In Theorem 8 the authors claim to use Dynkin's theorem in a way that I do not understand. The setting is the following. We are given a signed measure $\mu$ and a positive measure $\nu$, both defined on $\mathbb{R}$ (in the notations of the PDF they are called $dA$ and $dV$). Suppose that we know that $|\mu((a,b])|\leq\nu((a,b])$ for all semi-open intervals ($|\mu((a,b])|$ is just the absolute value of $\mu((a,b])$). The authors seem to claim that then we can apply Dynkin's theorem to get $|\mu(B)|\leq\nu(B)$ for all Borel sets $B\subset\mathbb{R}$.
My problem with the application of Dynkin's theorem is that, while I know that the intervals are a $\pi-$system, I can't see why the collection of $B$ such that $|\mu(B)|\leq\nu(B)$ is a $\lambda-$system, because it does not seem to be closed under complements. Any help or hint is much appreciated. Thanks!
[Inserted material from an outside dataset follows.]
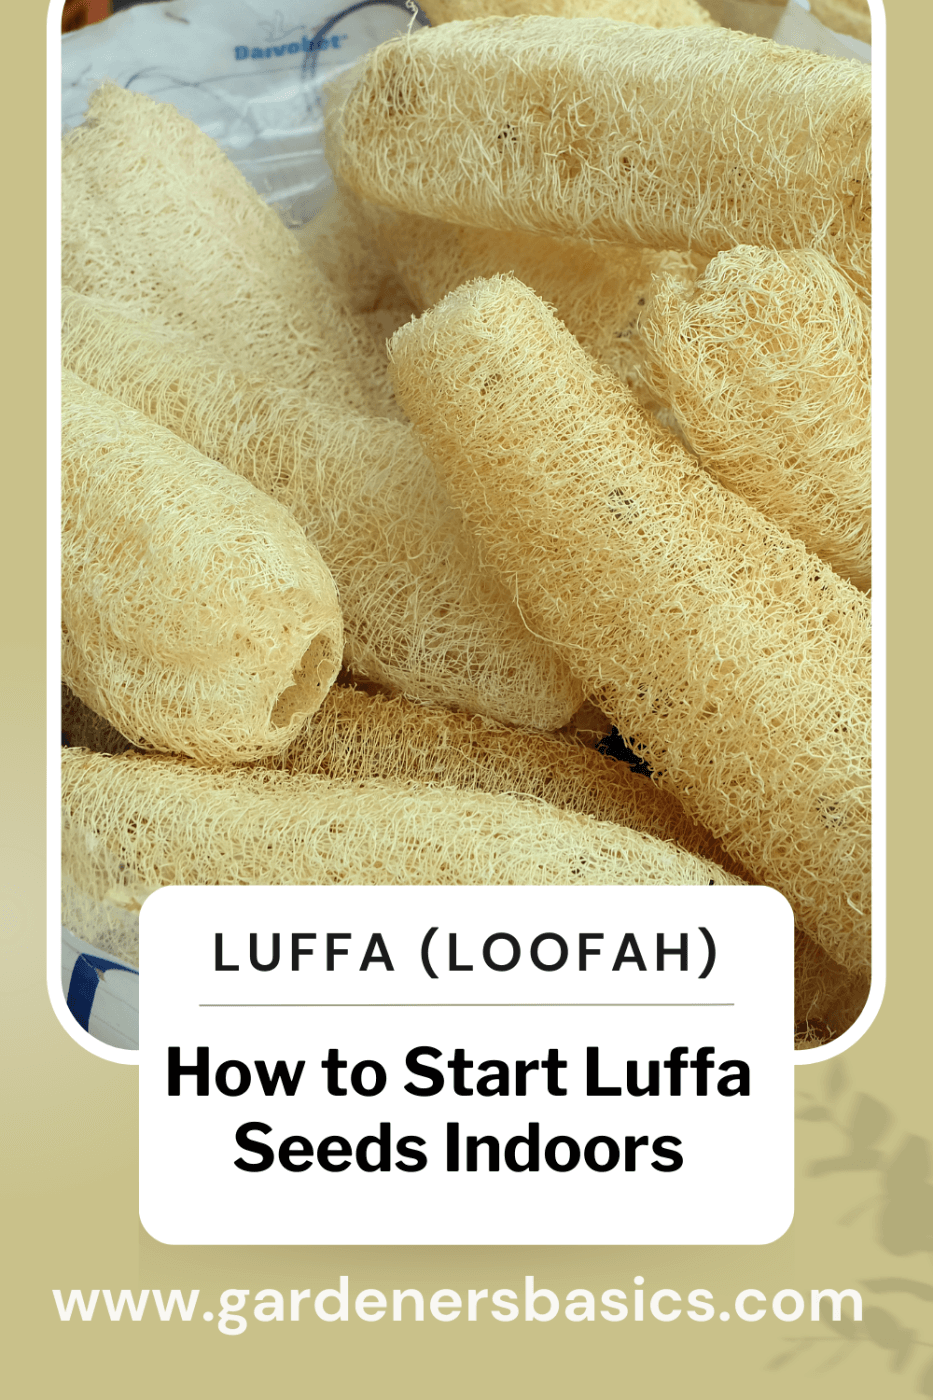 How to Start Luffa Seeds Indoors

Dynkin's theorem is not well-suited for inequalities. Another approach lies on regularity of finite measures on metric spaces. As continuous functions are uniform limit of left-continuous step functions, you have $$ \bigg| \int_{(s,t]} \varphi\,dA\bigg| \le \int_{(s,t]} |\varphi| \,dV $$ for all continuous function $\varphi$ on $[0,a]$. Take disjoint Borel sets $E_1,\ldots,E_n$ such that $(s,t]= \cup_{i=1}^n E_i$. Given $\varepsilon > 0$, one can find compact sets $K_i \subseteq E_i$ and open sets $O_i \supseteq E_i$ such that $|dA|(O_i \setminus K_i) \le \varepsilon/2^i$, so $$ \sum_i |dA(E_i)| \le \varepsilon + \sum_i |dA(K_i)| $$ Pick some continuous functions $\varphi_i$ with disjoint supports such that $0 \le \varphi_i \le 1$, $\varphi_i = 1$ on $K_i$ and $\operatorname{supp} \varphi_i \subset O_i$ (such functions exist by Urysohn's lemma). Using triangular inequality again $$ \sum_i |dA(E_i)| \le 2\varepsilon + \sum_i \bigg|\int_{(s,t]} \varphi_i\,dA\bigg| \le 2\varepsilon + \int_{(s,t]} \bigg(\sum_i \varphi_i\bigg)dV \le 2\varepsilon +dV(s,t] $$ Since $\varepsilon > 0$ and $E_1,\ldots,E_n$ were arbitrary, you get $|dA|(s,t] \le dV(s,t]$. The reverse inequality is obvious, thus $dV$ and $|dA|$ agree on sets of the form $(s,t]$ so on Borel sets by Dynkin's theorem (because semi-open intervals constitute a $\pi$-system generating the Borel $\sigma$-algebra, and both measures $dV$ and $|dA|$ are finite with same total mass).